Problem to solve – Please give back the listing below word for word, without the images.

Dataset excerpt –
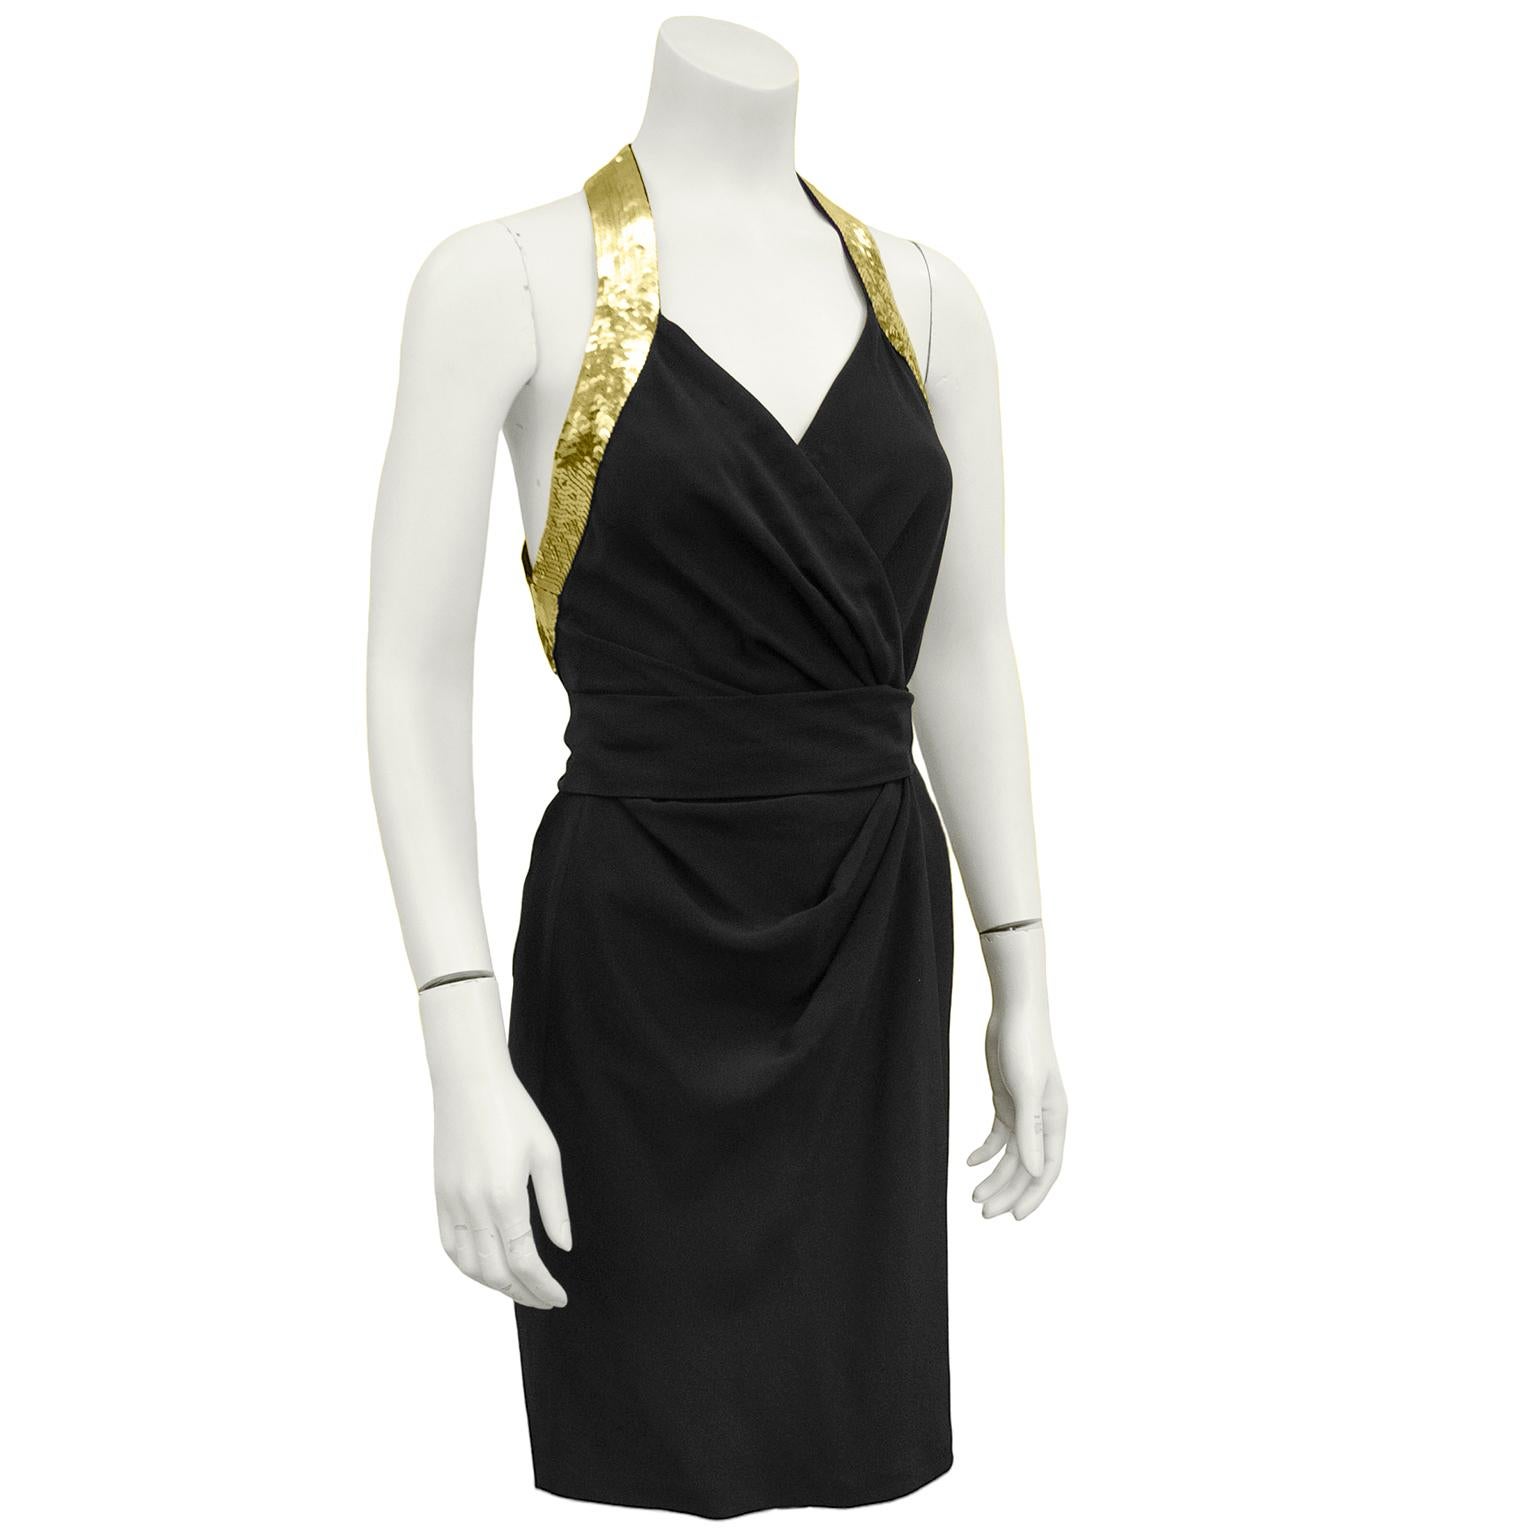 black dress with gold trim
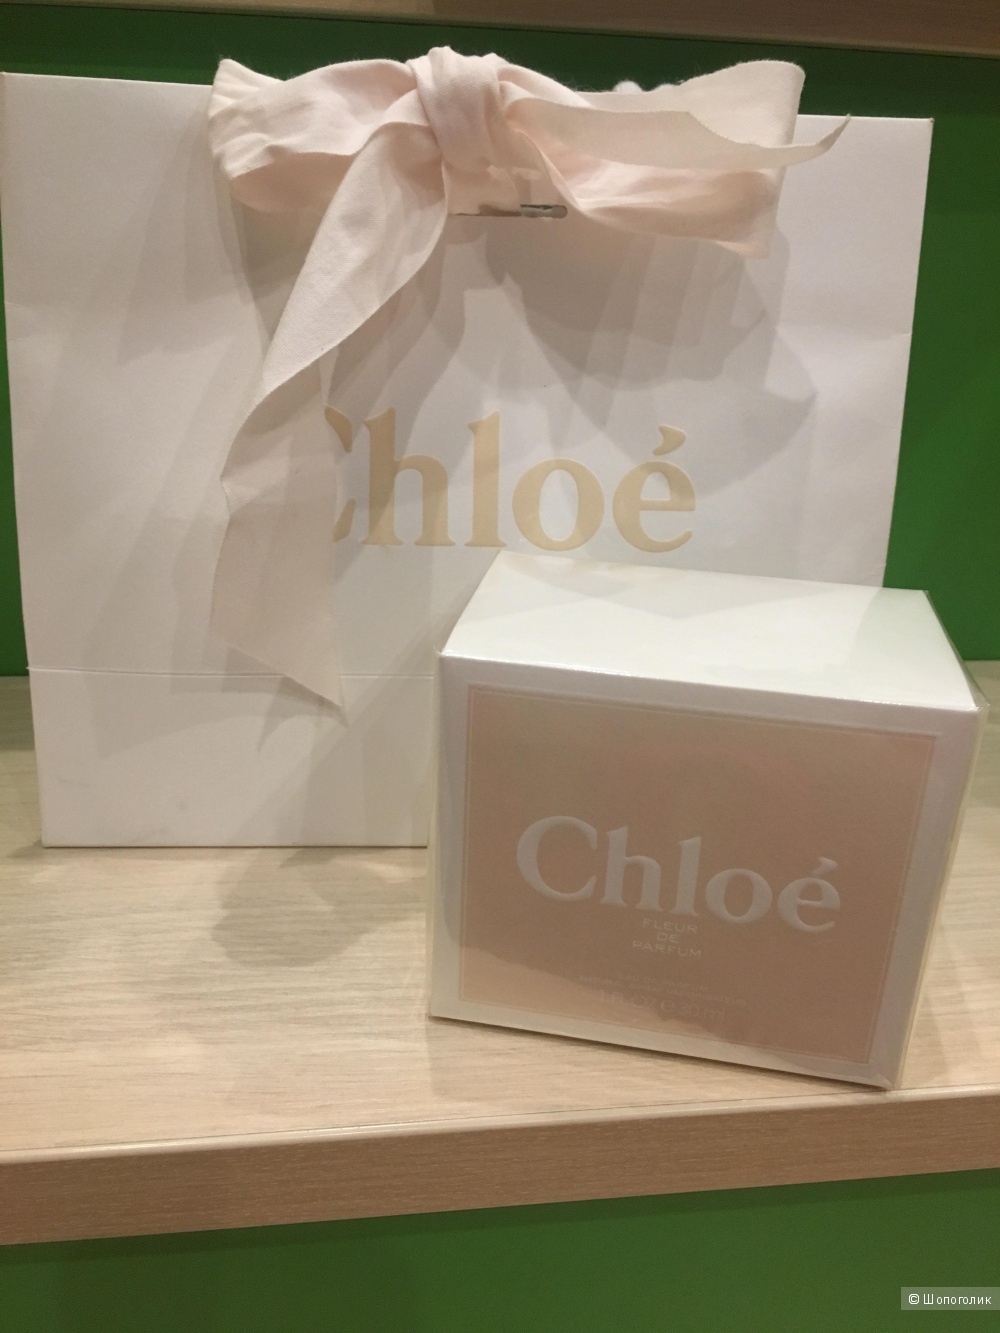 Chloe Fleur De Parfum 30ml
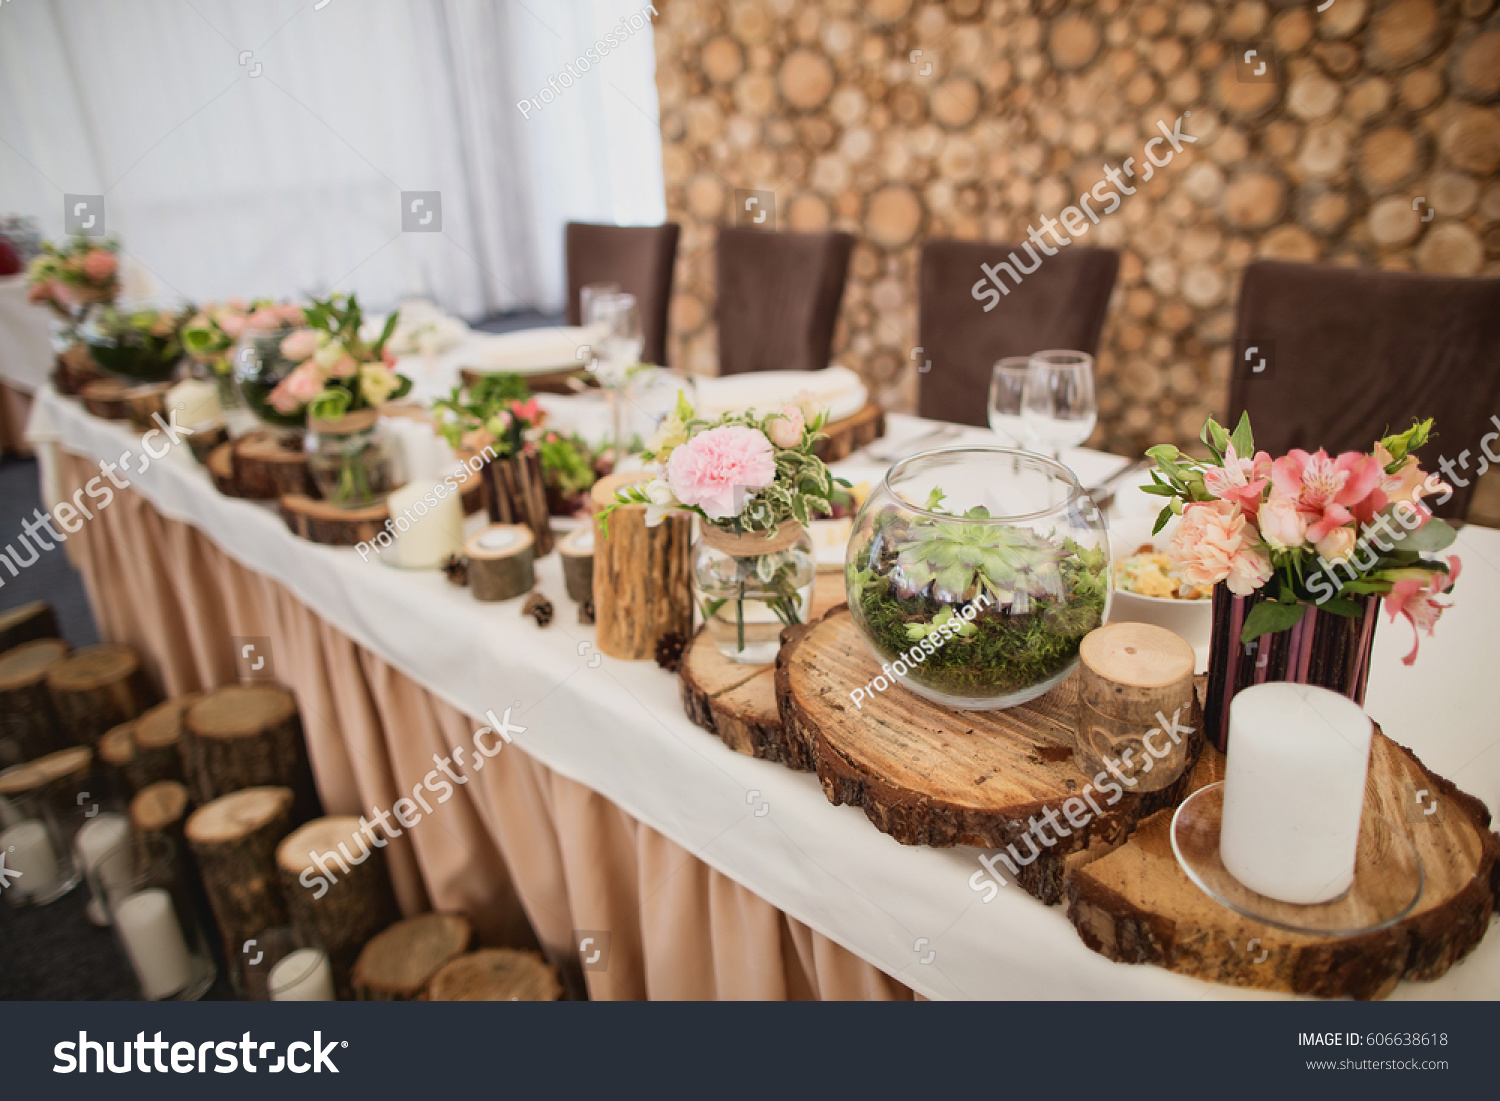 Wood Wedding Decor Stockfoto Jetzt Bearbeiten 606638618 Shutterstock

Solution –
 black dress with gold trim
 Chloe Fleur De Parfum 30ml
 Wood Wedding Decor Stockfoto Jetzt Bearbeiten 606638618 Shutterstock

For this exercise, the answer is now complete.